DOPAS: Full-scale demonstration of the feasibility and performance of plugs and seals – German contribution:

CH/HM coupled behaviour of shaft sealing materialsO. Czaikowski, K. Jantschik, H. C. Moog, K. Wieczorek & C.-L. Zhang

7th US/German Workshop on Salt Repository Research, Design, and Operation

Washington, DCSeptember 7-9, 2016

ABSTRACT

THE EC-cofinanced DOPAS project includes design, implementation and assessment of five experiments on plugs and seals. Three large-scale experiments are performed in crystalline rock by SKB (Sweden), POSIVA (Finland) and SURAO/CTU (Czech republic), one performed by ANDRA (France) addresses a seal in clay rock. The fifth (German) contribution includes lab experiments and performance assessment studies related to salt. In this frame, the investigation programme of GRS addresses sealing materials planned to be used in the shaft seals. The issues addressed comprise the chemical-hydraulic (CH) and the hydro-mechanical (HM) behaviour of cement based sealing materials in rock salt. A third topic, the hydro-mechanical behaviour of claystone-bentonite-mixture as seal material, is not discussed here.

Samples of rock salt and salt concrete were obtained from an existing drift seal element finished in 1992 and underwent testing with respect to long-term deformation and damage behaviour. In the meantime, the CH behaviour of sorel concrete (MgO-based concrete) samples prepared in the laboratory was investigated by corrosion and diffusion experiments. In particular, advection experiments with NaCl and MgCl2-saturated brines were performed. MgCl2-saturated brine is corrosive for salt concrete, while NaCl brine is corrosive for sorel concrete. When sorel concrete is subjected to NaCl brine, corrosion leads to an expected increase in permeability after 7 – 60 days, however, afterwards no additionally permeability increase is observed. The interpretation is that the solution passes the sample fast enough that the brine in the already corroded concrete is not replaced, which protects the material farther away from the pathways. A major part of the experiments is dedicated to the investigation of the combined system of plug, contact zone (the main pathway) and surrounding (damaged) rock salt. Hollow salt cylinders equipped with salt concrete cores were used for this. Samples are subjected to radial load and axial flow (gas or brine). At dry conditions, reconsolidation is slow, while a fast reduction of permeability is observed, if brine is present and the seal element is intact.

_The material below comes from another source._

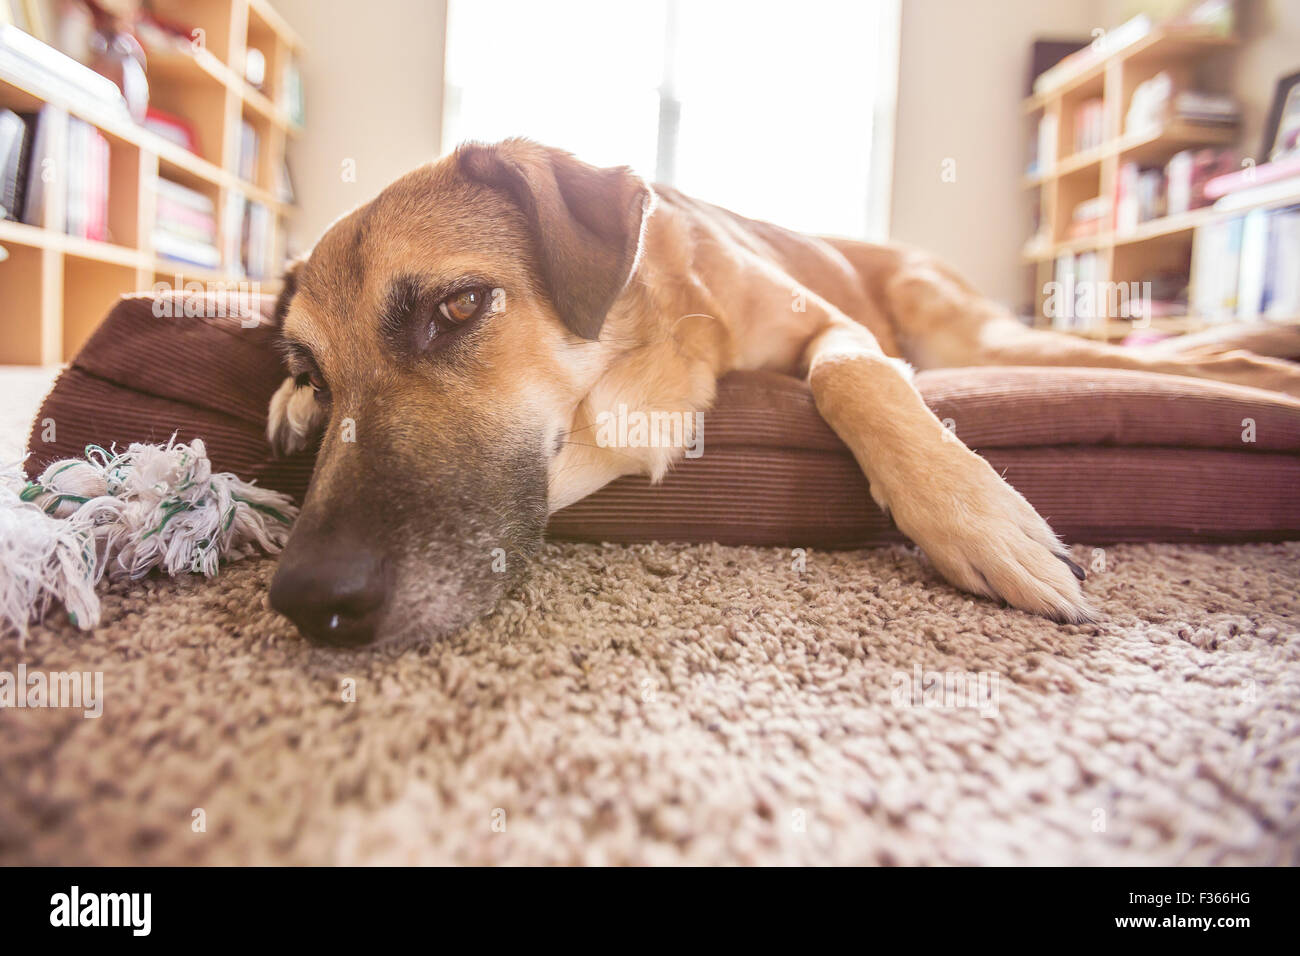 Grand chien chien allongée sur le lit dans une chambre Banque D'Images
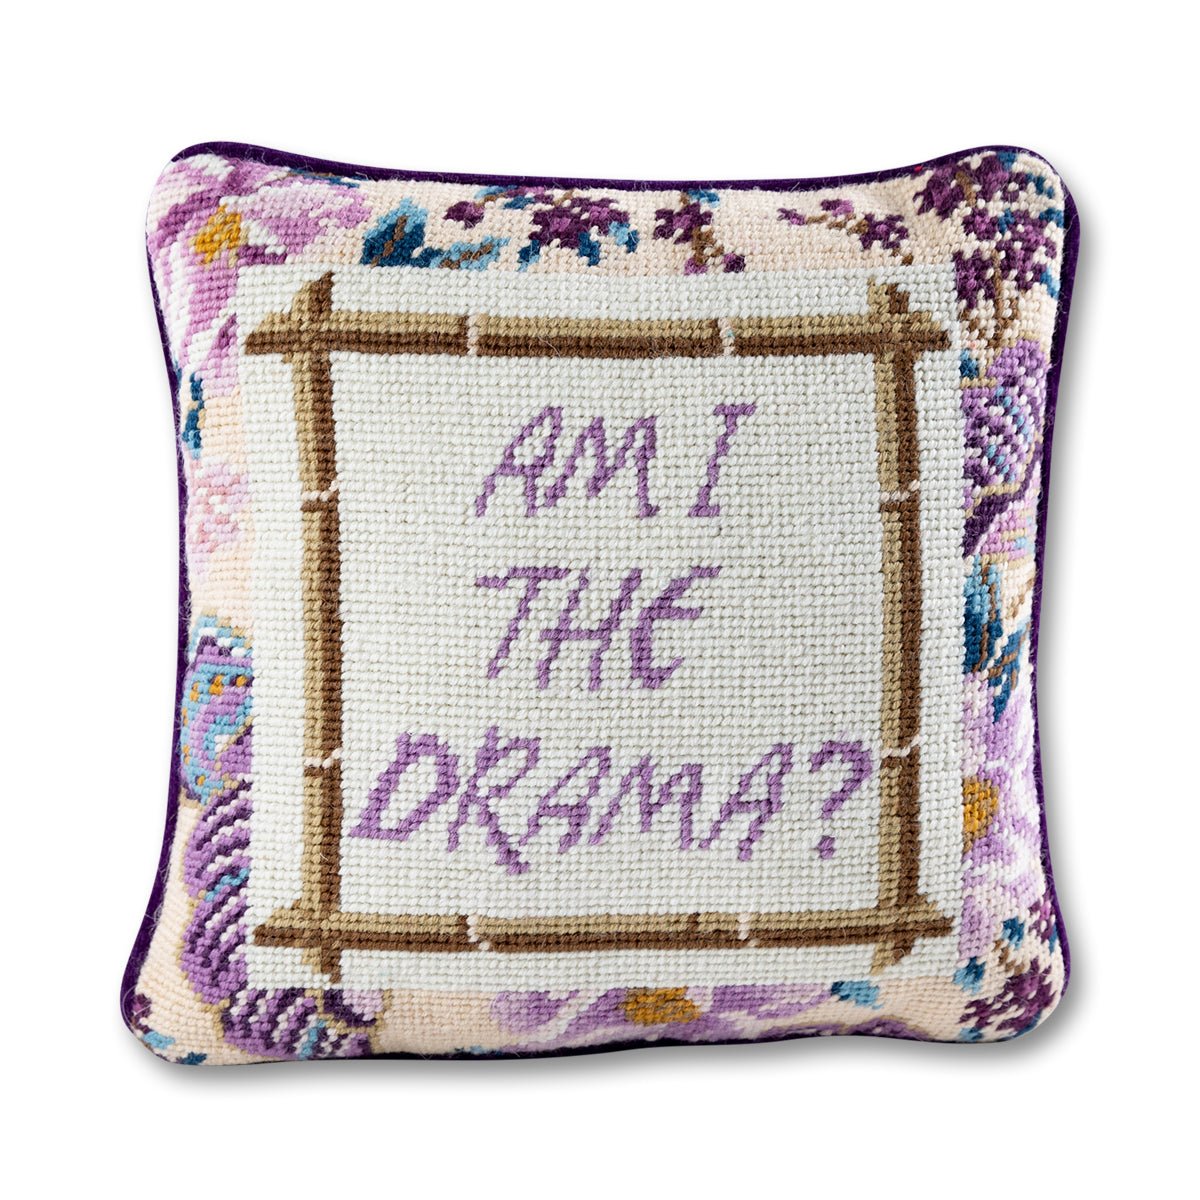 Drama Needlepoint Pillow - Throw Pillows - Furbish Studio - The Grove

In one of the experiments, the sample is subjected to radial load and axial flow with NaCl and afterwards MgCl2-saturated solution. In the first phase (with NaCl solution), permeability decreases with time due to creep of the salt and closing of the contact zone. In the second phase, the solution is replaced by corrosive MgCl2-saturated brine, which leads first to a permeability decrease because of brucite precipitation. The associated pH decrease to 8-9, however, causes decomposition of portlandite and CSH phases and leads to permeability increase in the longer term.

Future work includes dismantling of the samples and microscopic inspection for pathways.